4. The rail transit device according to claim 3, wherein the downstream air holes are further provided with a downstream air hole translational adjusting plate (17) and a downstream air hole rotation angle adjusting plate (15), the downstream air hole translational adjusting plate is slidably arranged on the side lower air passage bottom plate, and the downstream air hole rotation angle adjusting plate is rotatably arranged on the side lower air passage bottom plate.

5. A rail transit according to claim 4, characterized in that the side lower nozzle is further provided with a side lower nozzle adjusting plate (6), the tail nozzle is further provided with a tail nozzle adjusting plate (8), the side lower nozzle adjusting plate is rotatably arranged on the shell at the rear end of the passenger cargo compartment, and the tail nozzle adjusting plate is rotatably arranged at the rear ends of the passenger cargo compartment bottom plate and the side lower nozzle bottom plate.

6. The rail transit device as claimed in any one of claims 1 to 5, wherein the rail holding windward plate is rotatably arranged on the power cavity bottom plate.

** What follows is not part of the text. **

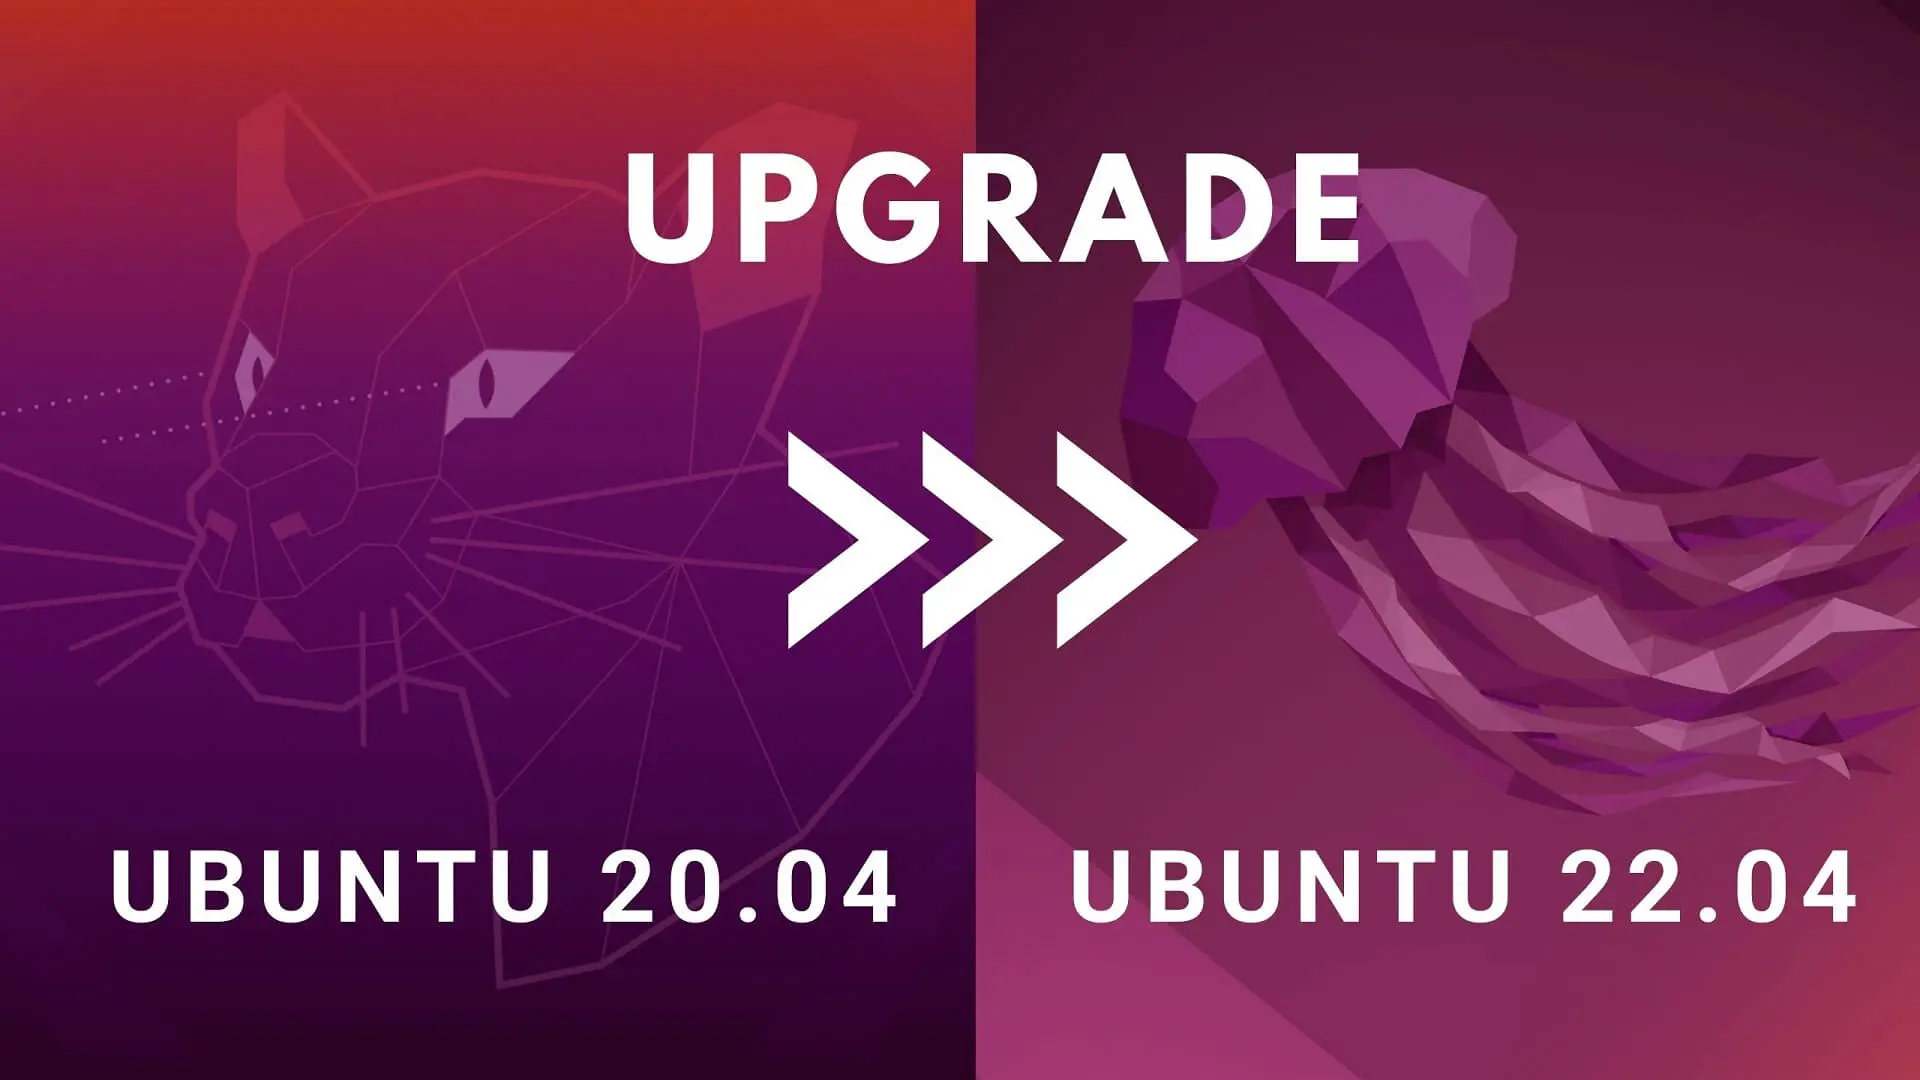 Ubuntu 20.04 to Ubuntu 22.04

7. The rail transit device according to claim 6, wherein the front upper pulleys, the rear upper pulleys, the side pulleys and the lower pulleys are at least one group, and each group is two and is symmetrically arranged.

8. The rail transit device as claimed in claim 6, wherein the annular rail holding box is integrally formed with the housing, or is produced separately from the housing and is assembled.

9. The rail transit device according to claim 6, wherein the number of the jet engines is at least one, the rotating speed of the jet engines is adjustable, and the energy supply mode of the jet engines is one of fuel oil, gas, a hydrogen fuel cell, a high-pressure gas storage tank, a storage battery or electric power.

10. The rail transit device of claim 7, wherein the pulley is at least one of a ball bearing pulley, a magnetic suspension bearing pulley, a gas suspension bearing pulley, and a ceramic bearing pulley, and the pulley is made of at least one of all steel, rubber tire, or composite material.